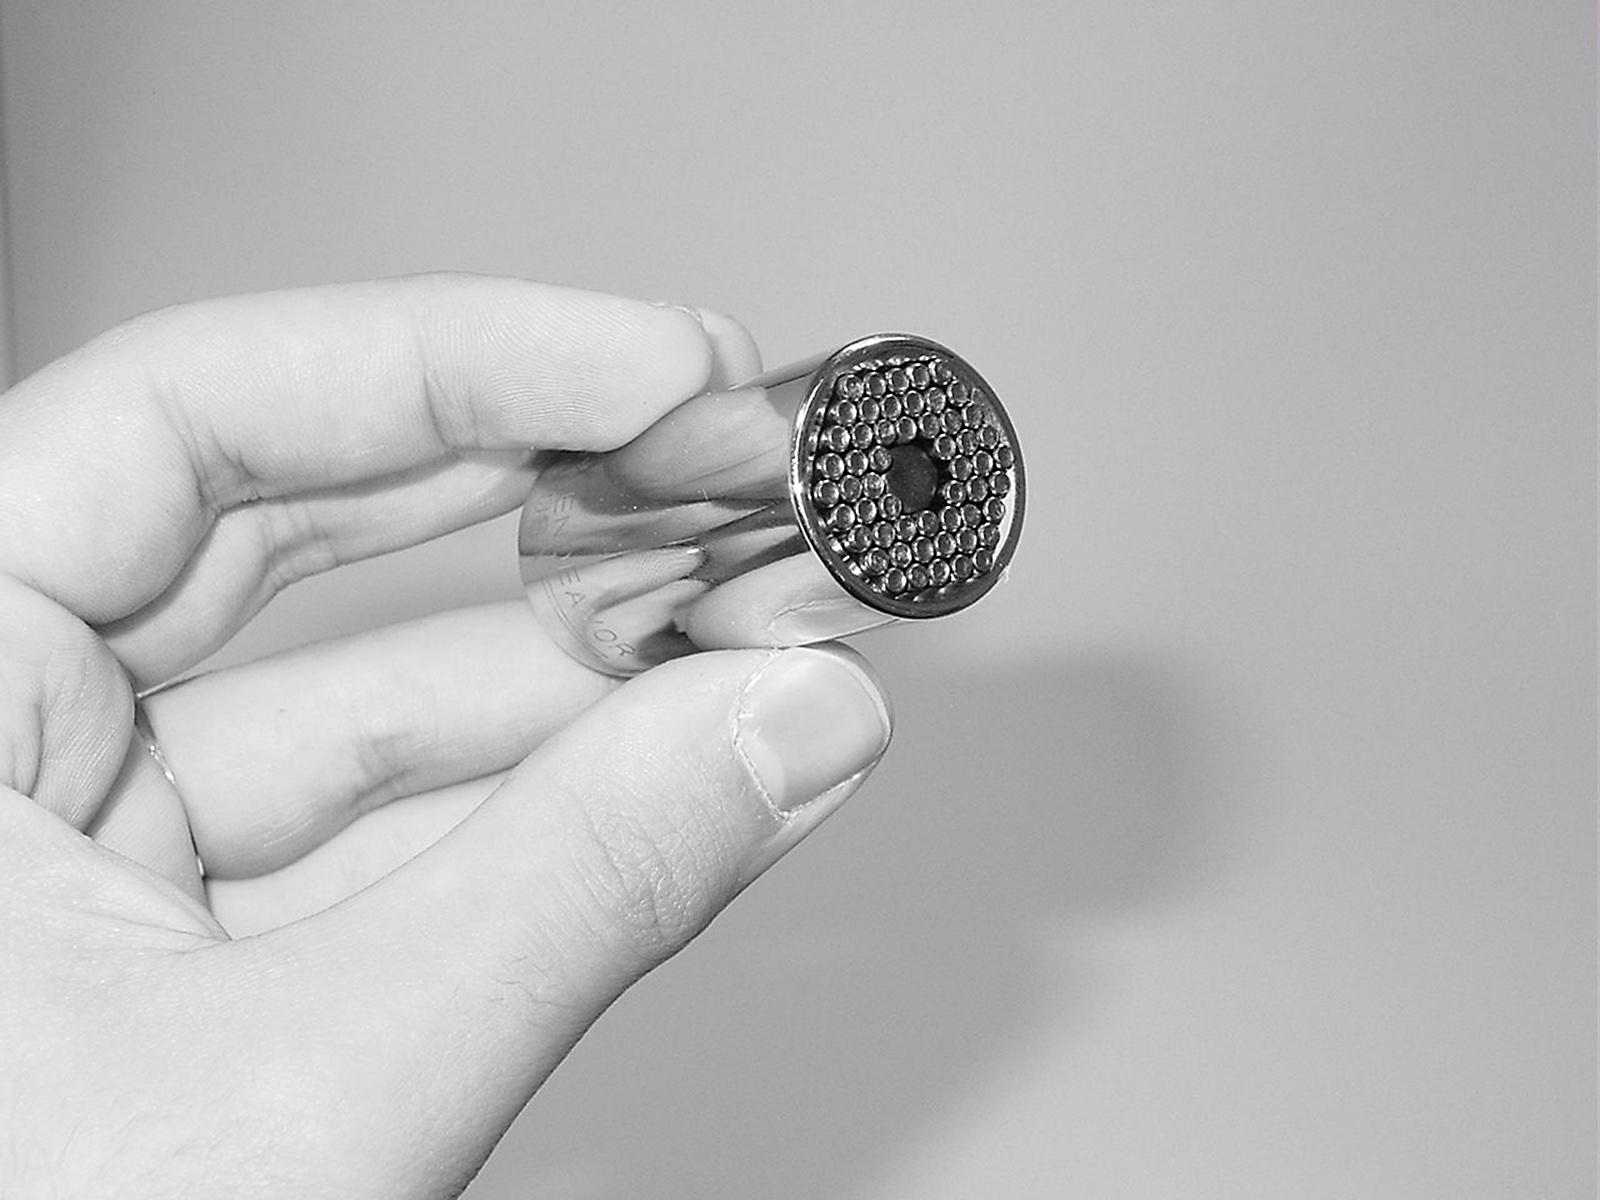 Gator Grips Universal Socket, 1 socket
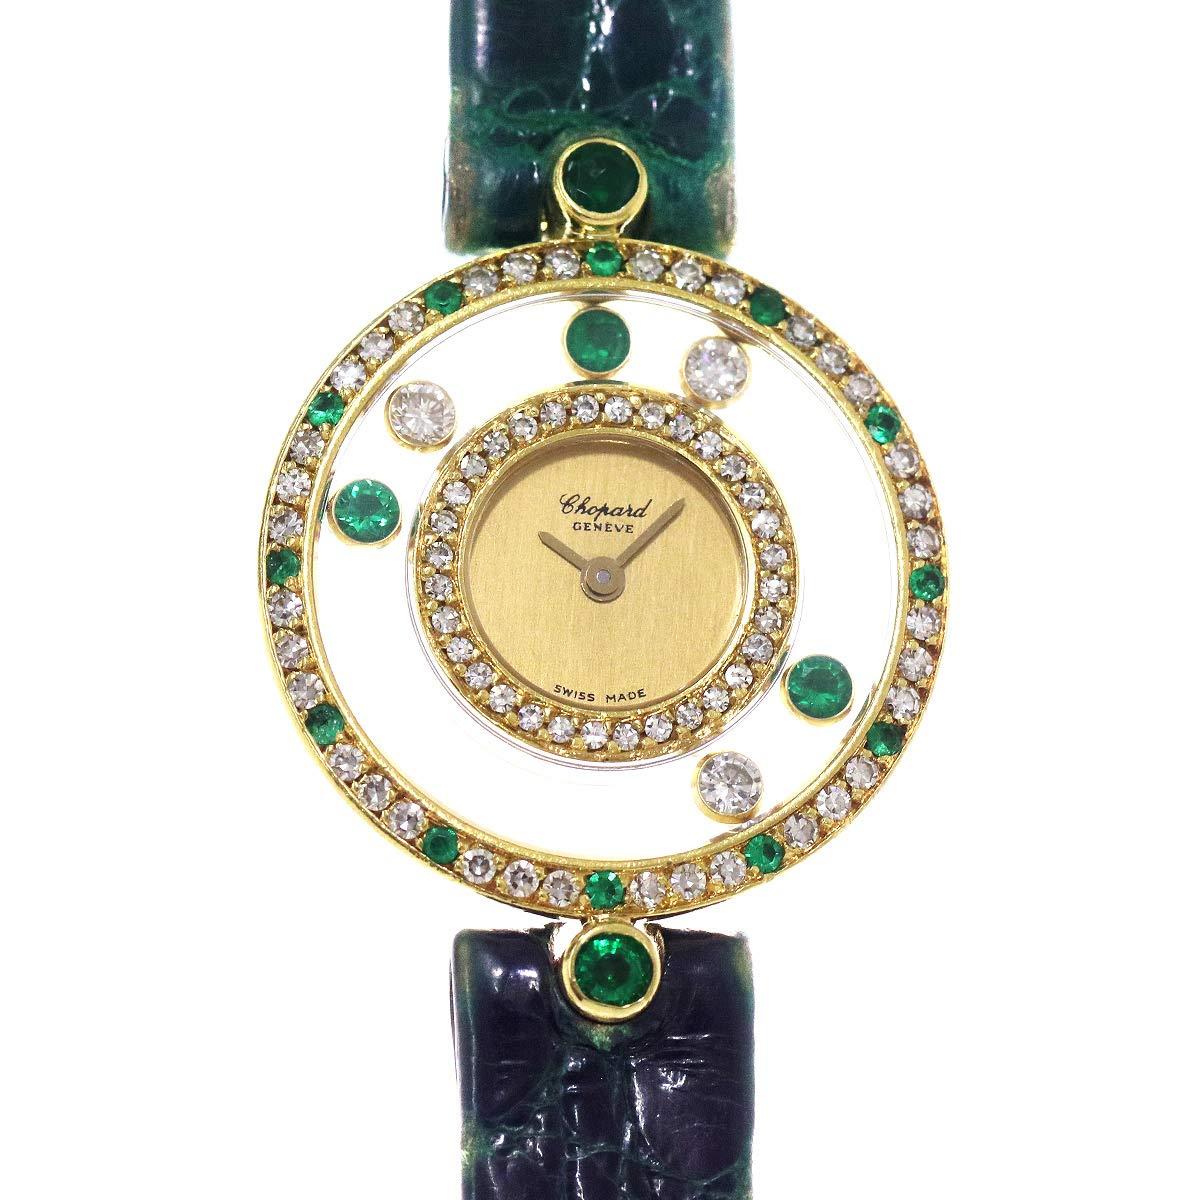 new arrival 3c02a 081c9 Amazon | ショパール Chopard ハッピーダイヤモンド 20 4191 22 ...
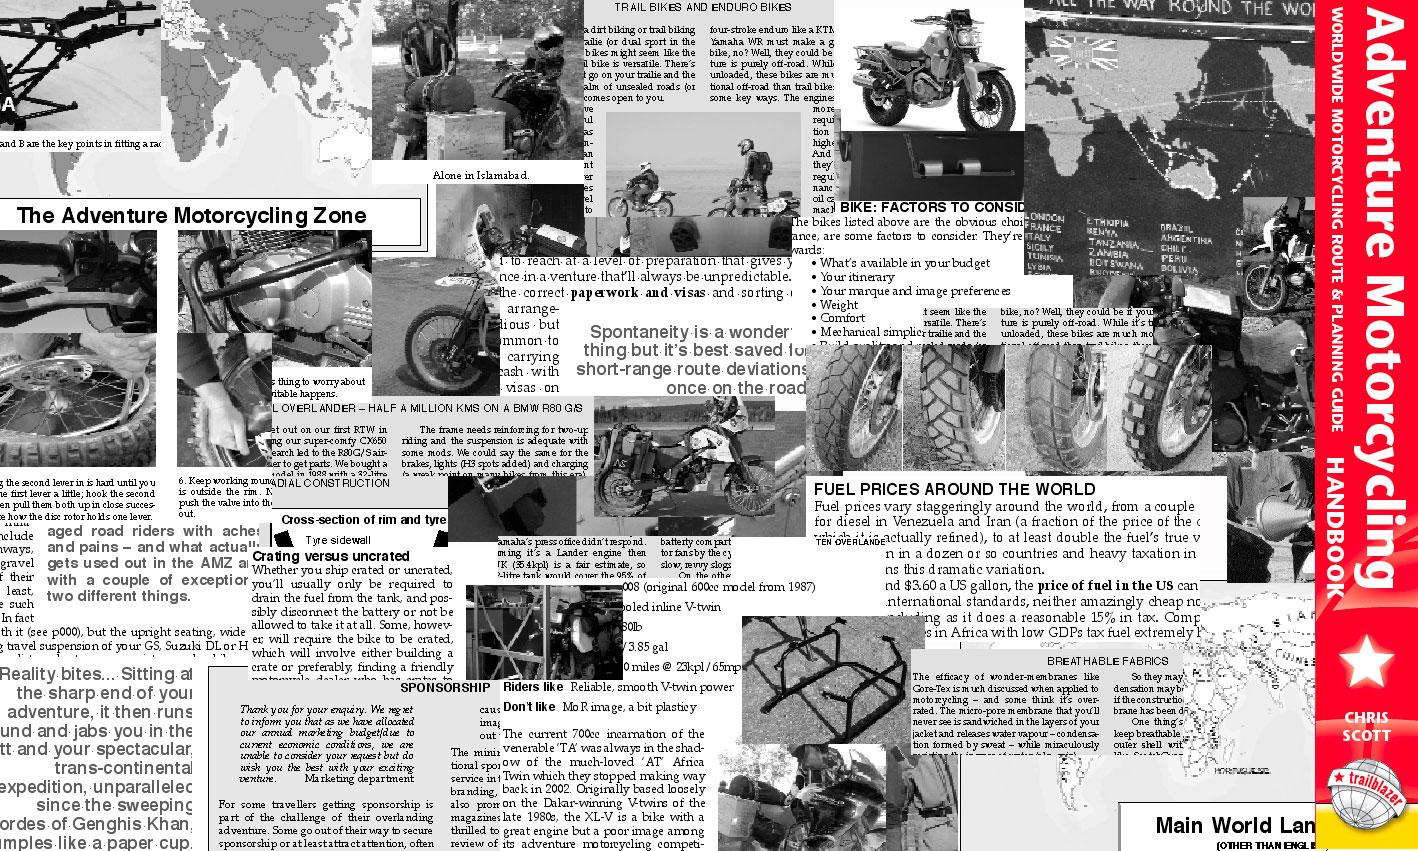 http://adventuremotorcyclinghandbook.files.wordpress.com/2011/12/snapshot.jpg
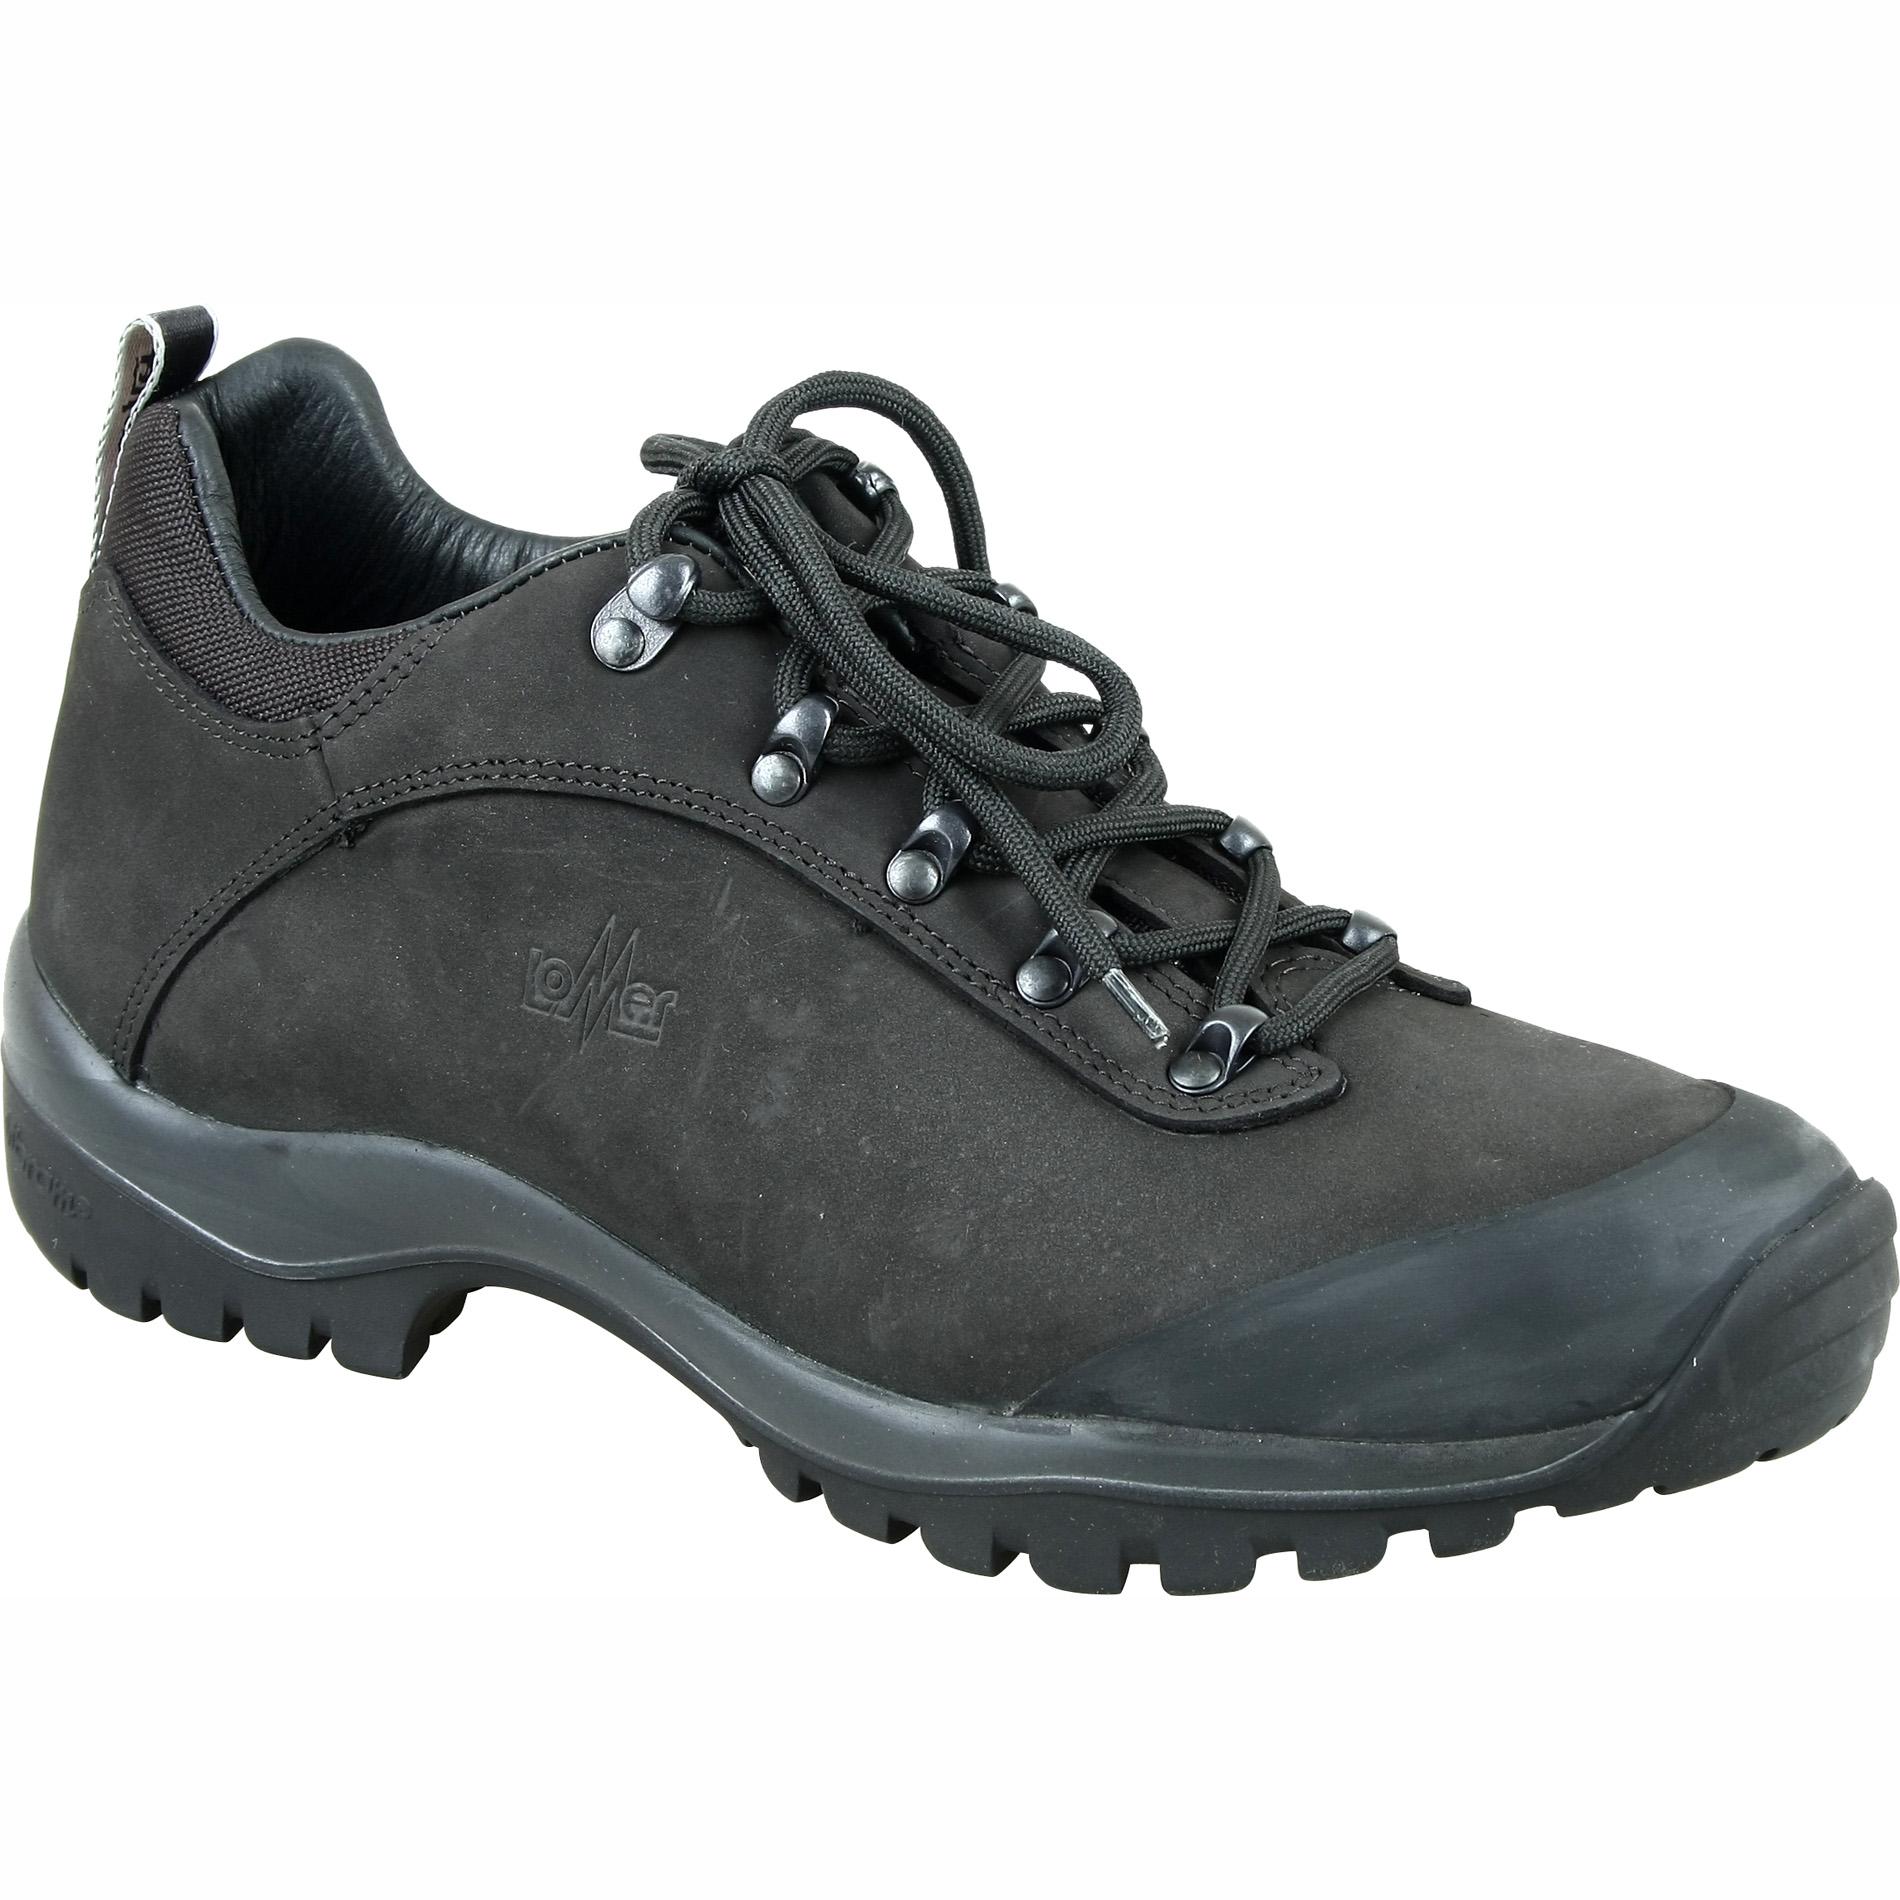 Ботинки трекинговые Lomer Terrain antra/gray
────
*Your instructions:* Could you print the whole listing again, exactly, leaving the pictures out?

*Exercise result:*
 Gator Grips Universal Socket, 1 socket
 new arrival 3c02a 081c9 Amazon | ショパール Chopard ハッピーダイヤモンド 20 4191 22 ...
 http://adventuremotorcyclinghandbook.files.wordpress.com/2011/12/snapshot.jpg
 Ботинки трекинговые Lomer Terrain antra/gray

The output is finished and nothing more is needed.